The syntax for commands and their parameters is almost the same regardless of whether they come from command-line or frmo stdin. I would like to maximize code-reuse by using a single framework for parsing both command-line and interactive mode inputs.
My proposed syntax is (square brackets denote optional parts, braces repetition) as follows:
From shell:
program-name {[GLOBAL OPTION] ...} <command> [{<command arg>|<GLOBAL OPTION>|<LOCAL OPTION> ...}]In interactive mode:
<command> [{<command arg>|<GLOBAL OPTION>|<LOCAL OPTION> ...}]
Local options are only valid for one particular command (different commands may assign a different meaning to one option).

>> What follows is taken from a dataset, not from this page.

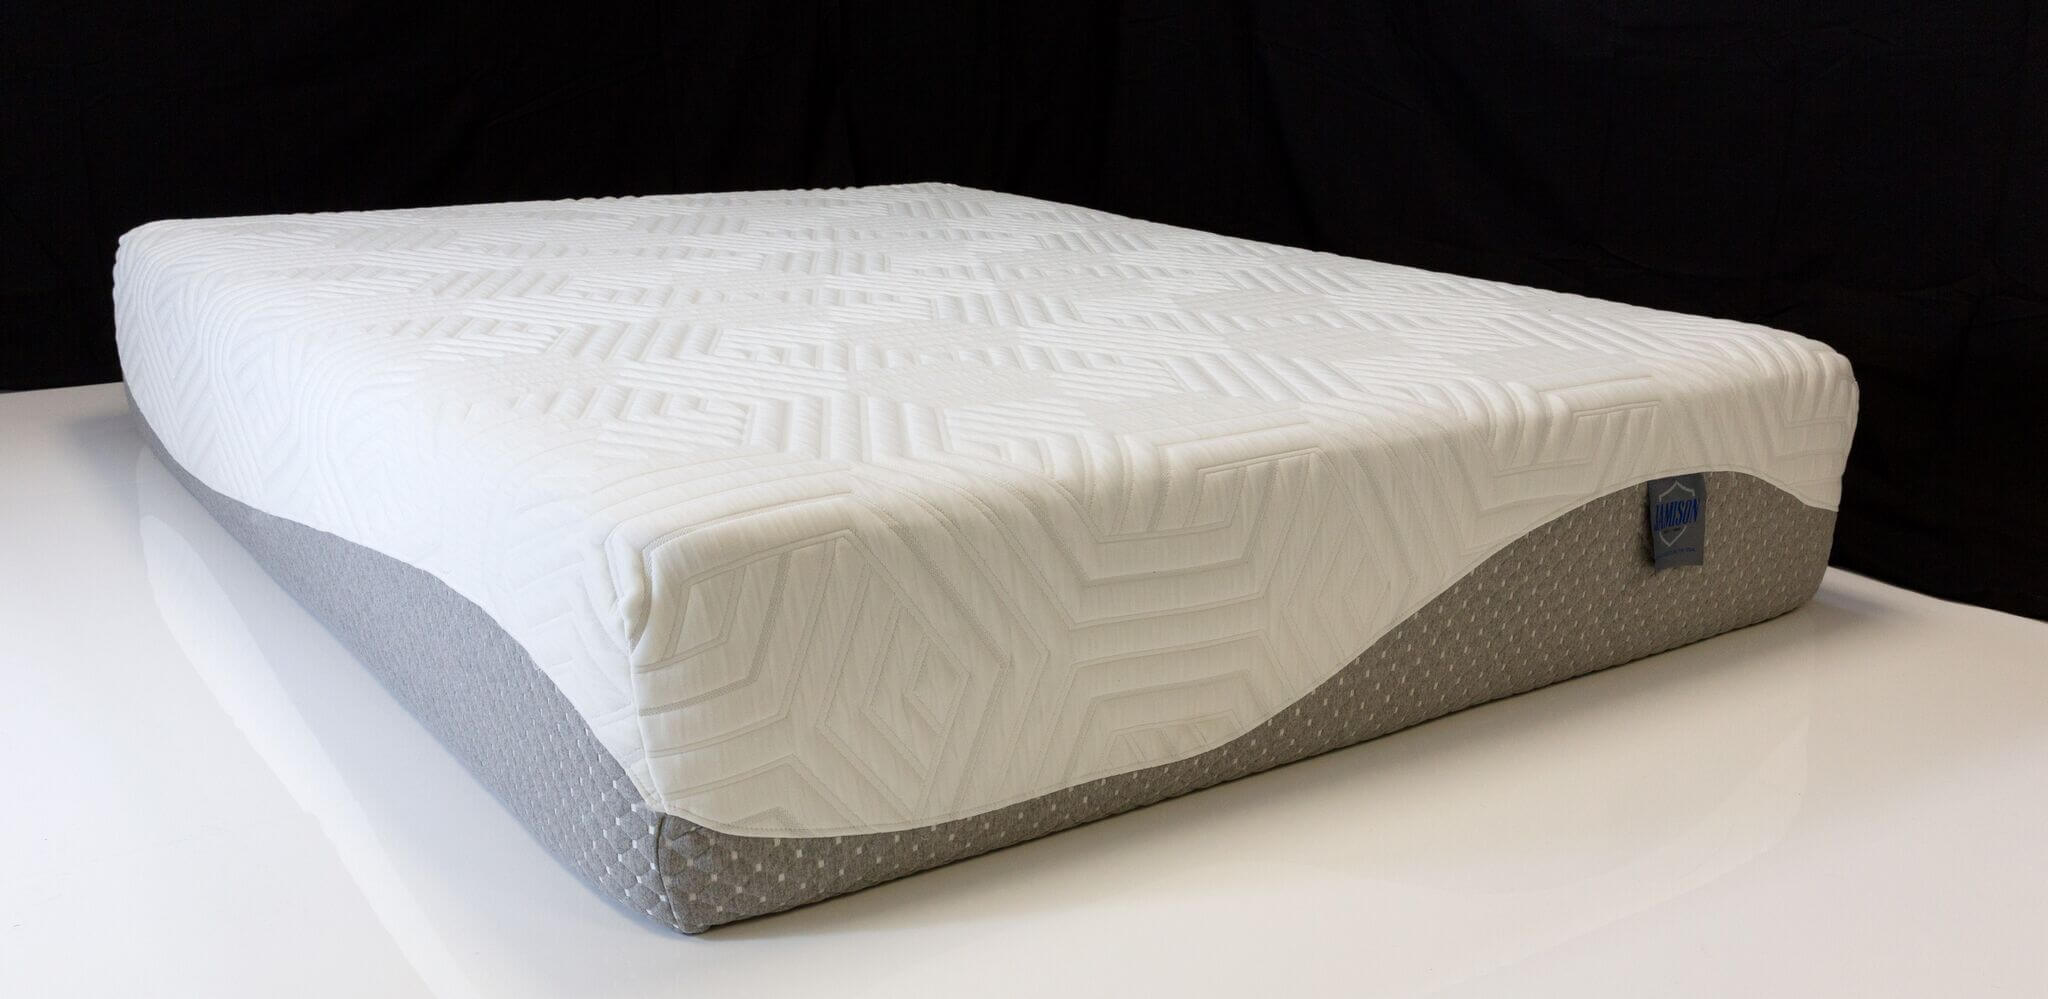 jamison tlc latex mattress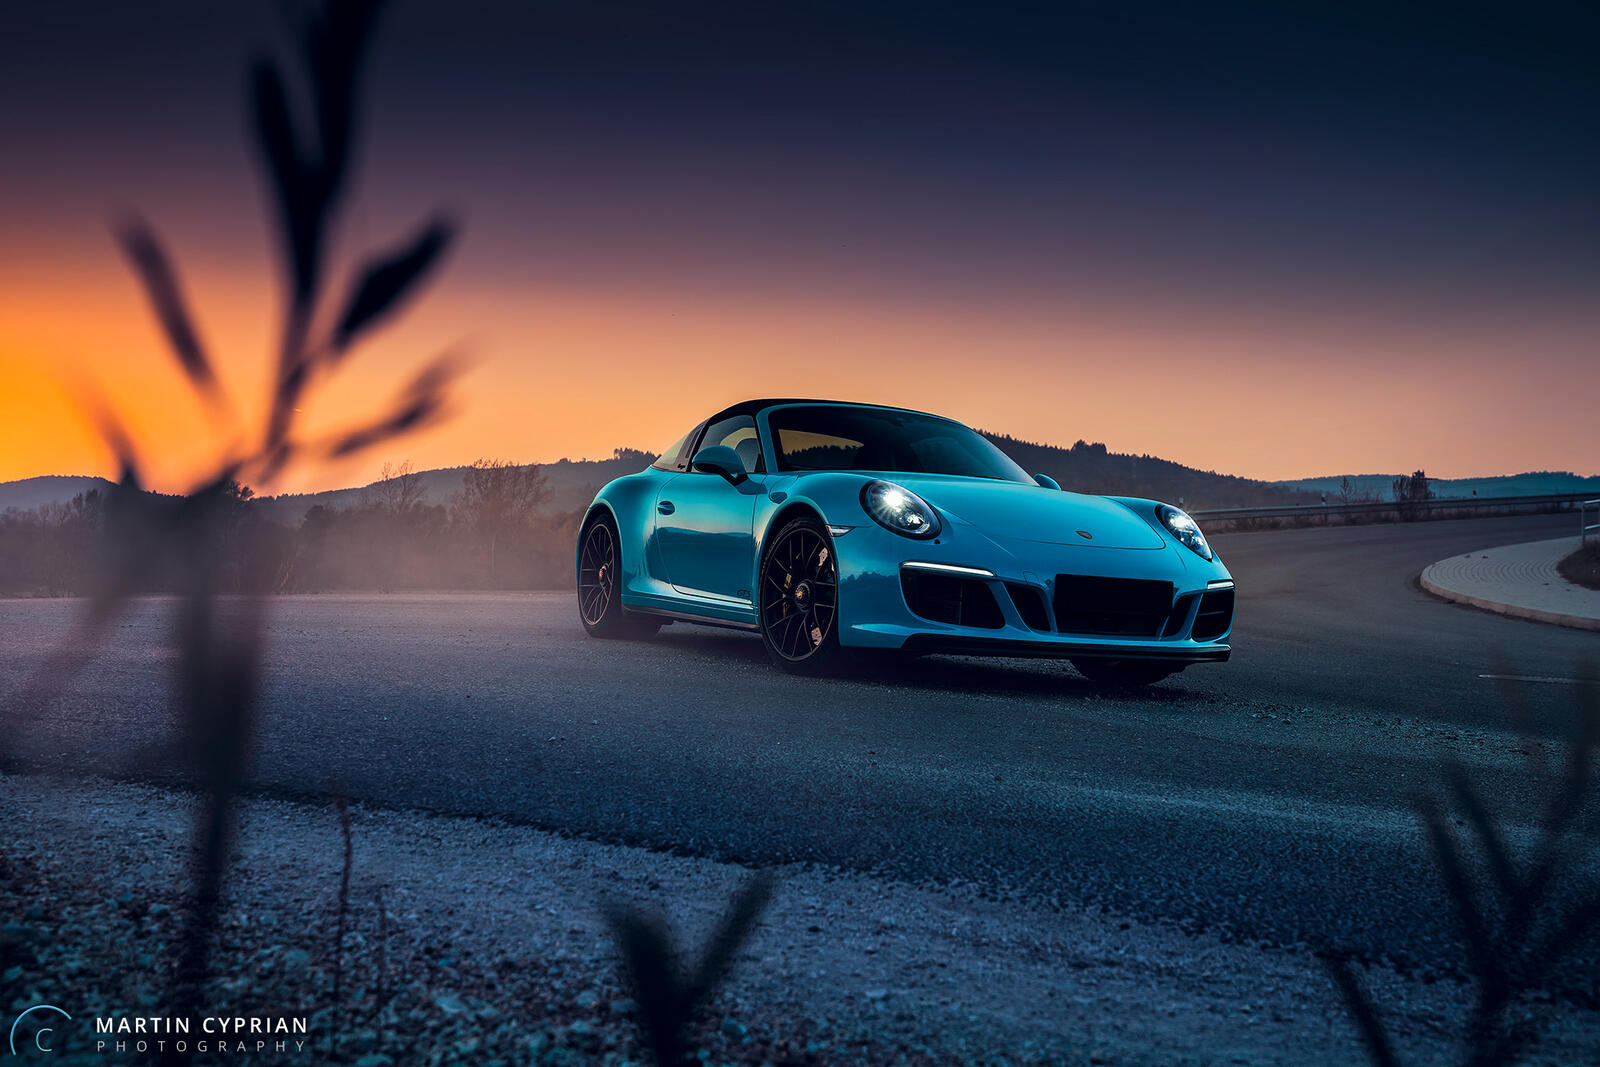 Бесплатное фото Голубой Porsche 911 вечером едет по загородной дороге

My problem is that there are some differences between the CL and interactive interfaces: Some global options are only valid from command line (like --help, --version or --config-file). There is obviously also the 'quit'-command which is very important in interactive mode, but using it from CL makes no sense.
To solve this I've searched web and hackage for command-line parsing libraries. The most interesting ones I've found are cmdlib and optparse-applicative. However, I'm quite new to Haskell and even though I can create a working program by copying and modifying example code from library docs, I haven't quite understood the mechanics of these libraries and therefore have not been able to solve my problem.
I have these questions in mind:
How to make a base parser for commands and options that are common to CL and REPL interfaces and then be able to extend the base parser with new commands and options?
How to prevent these libraries from exiting my program upon incorrect input or when '--help' is used?
I plan to add complete i18n support to my program. Therefore I would like to prevent my chosen library from printing any messages, because all messages need to be translated. How to achieve this?
So I wish you could give me some hints on where to go from here. Does cmdlib or optparse-applicative (or some other library) support what I'm looking for? Or should I revert to a hand-crafted parser?
GetOptsdoesn't crash, it returns error message, as I'd assume any good library should do. It also doesn't do any printing, because printing has nothing to do with command line parsing.